Longest Increasing Subsequence

Solution For Longest Increasing Subsequence

The problem statement for the Longest Increasing Subsequence problem on LeetCode is as follows:

Given an unsorted array of integers, find the length of the longest increasing subsequence.

Example 1:

Input: [10,9,2,5,3,7,101,18] Output: 4
Explanation: The longest increasing subsequence is [2,3,7,101], therefore the length is 4.

Example 2:

Input: [0,1,0,3,2,3] Output: 4
Explanation: The longest increasing subsequence is [0, 1, 2, 3], therefore the length is 4.

Approach:

To solve this problem, we can use a dynamic programming approach. We can define a dp array where dp[i] stores the length of the longest increasing subsequence that ends with the element at index i. The maximum length of the longest increasing subsequence can then be obtained by finding the maximum value in the dp array.

The recurrence relation for the dp array can be defined as follows:

dp[i] = max(dp[j] + 1) where 0 <= j < i and nums[j] < nums[i]

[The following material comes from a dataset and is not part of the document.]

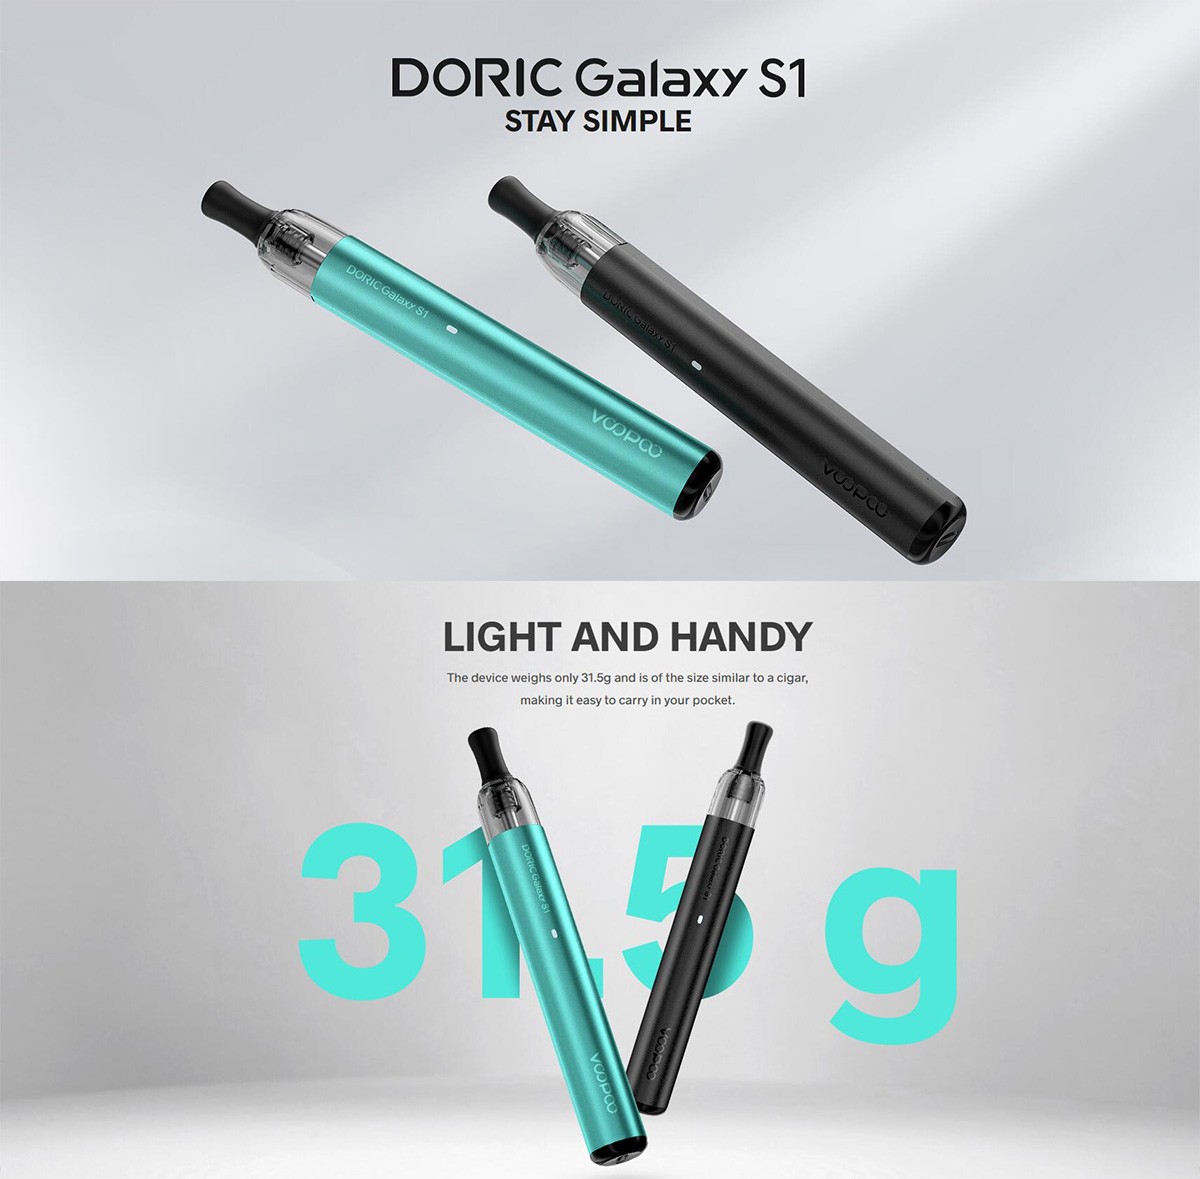 VOOPOO Doric Galaxy S1 Kit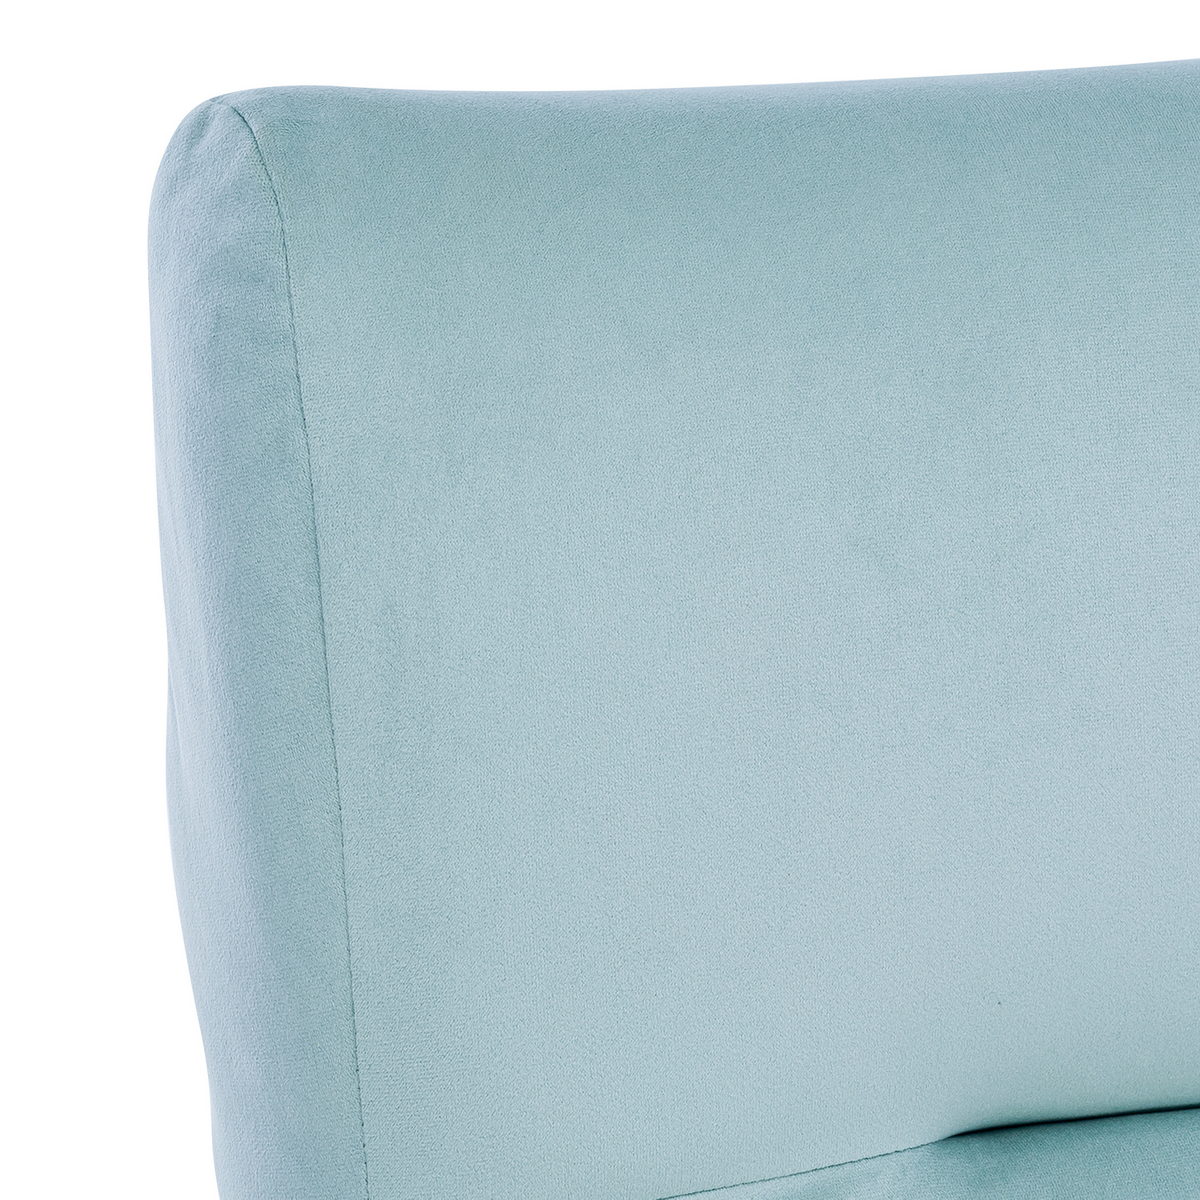 Кресло-качалка Leset Милано (Импэкс). Цвет каркаса: Венге текстура; Цвет обивки: V14 бирюзовый

We can start by initializing all elements in the dp array to 1 since a single element is always an increasing subsequence.

Algorithm:

  1. Create a dp array of size n where n is the size of the input array nums.
  2. Initialize all elements in the dp array to 1.
  3. Loop through the input array nums from index 1 to n-1.
  4. For each element at index i, loop through all elements from index 0 to i-1.
  5. If the current element at index j is less than the element at index i, then update the dp array as follows:
    dp[i] = max(dp[i], dp[j] + 1)
  6. Find the maximum value in the dp array and return it as the length of the longest increasing subsequence.

Code:

Here is the Python implementation of the above algorithm:

“`
def lengthOfLIS(nums: List[int]) -> int:
n = len(nums)
dp = [1] * n

for i in range(1, n):
    for j in range(0, i):
        if nums[j] < nums[i]:
            dp[i] = max(dp[i], dp[j] + 1)

return max(dp)

“`

The time complexity of this solution is O(n^2) as we are looping through the input array twice. However, we can optimize this by using a binary search approach which can reduce the time complexity to O(nlogn).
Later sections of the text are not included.